Cabaret Pt 3: 'From cradle to tomb...'

Occasionally Team Experience will take a classic movie and pass it around for a deep dive. This week Cabaret (1972) which is currently streaming on Filmstruck. But if you're in NYC don't miss your chance to see it in an actual movie theater at the newly renovated gorgeous Quad Cinema.

In Part One, Nathaniel investigated the way the musical's major players are introduced at the cliff end of the Weimar Era in Germany.

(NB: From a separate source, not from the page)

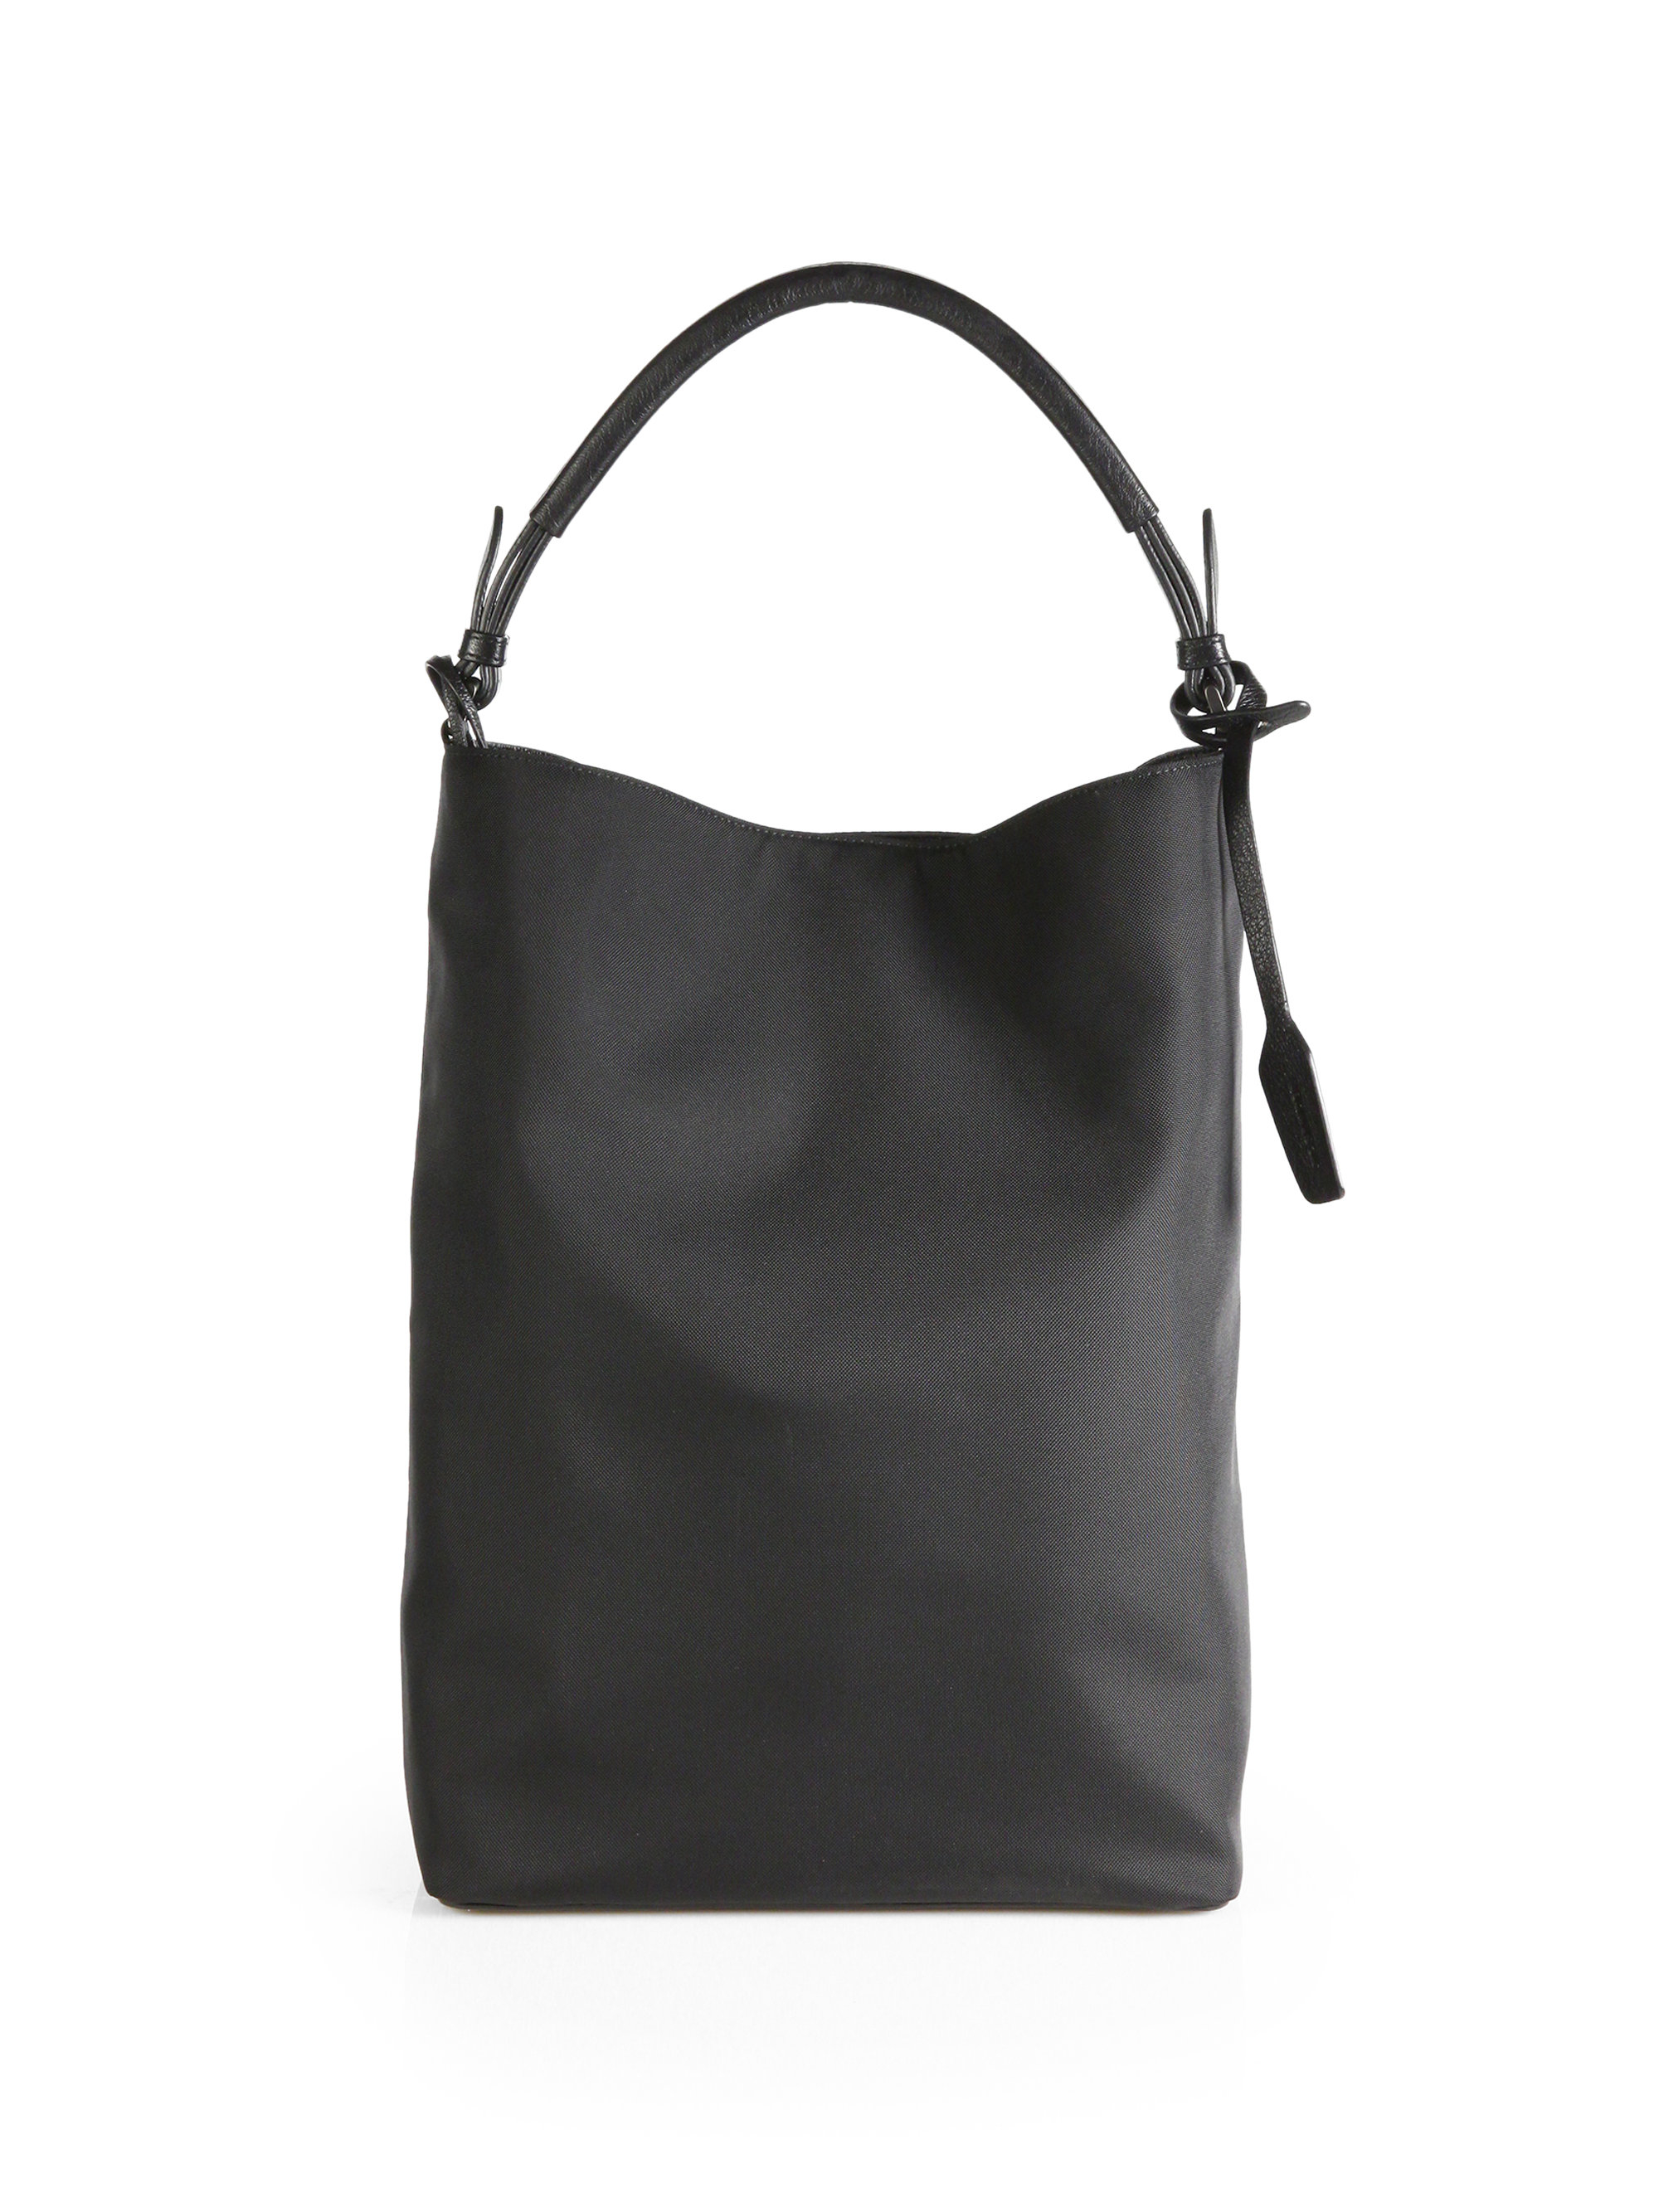 Lyst - Jil Sander Large Nylon Hobo Bag in Black

In Part Two, Dancin' Dan watched as two couples (Brian & Sally, Fritz & Natalia) fell in love and lust and into "money!". It makes the world go round. When we left off, Brian and Sally's new lover, a rich baron, has taken Brian out to lunch when a song interrupts their not-so-innocent idyll. - Editor

Part 3 by Chris Feil

1:18:16 - Out of nowhere, we hear a tenor breaking into the nationalist anthem “Tomorrow Belongs to Me”. We pan from his angelic face to see his Nazi uniform, realizing we've fallen into a musical number that is about to be a harsh reality in more ways than one.

It matters that “Tomorrow Belongs to Me” is a very different kind of song than what we have been given thus far, and the only number outside of the cabaret. Entirely without nuance, a straight-shooting melody that purposefully tries to pull you into its grip as we watch in horror while its grim subtext shows itself...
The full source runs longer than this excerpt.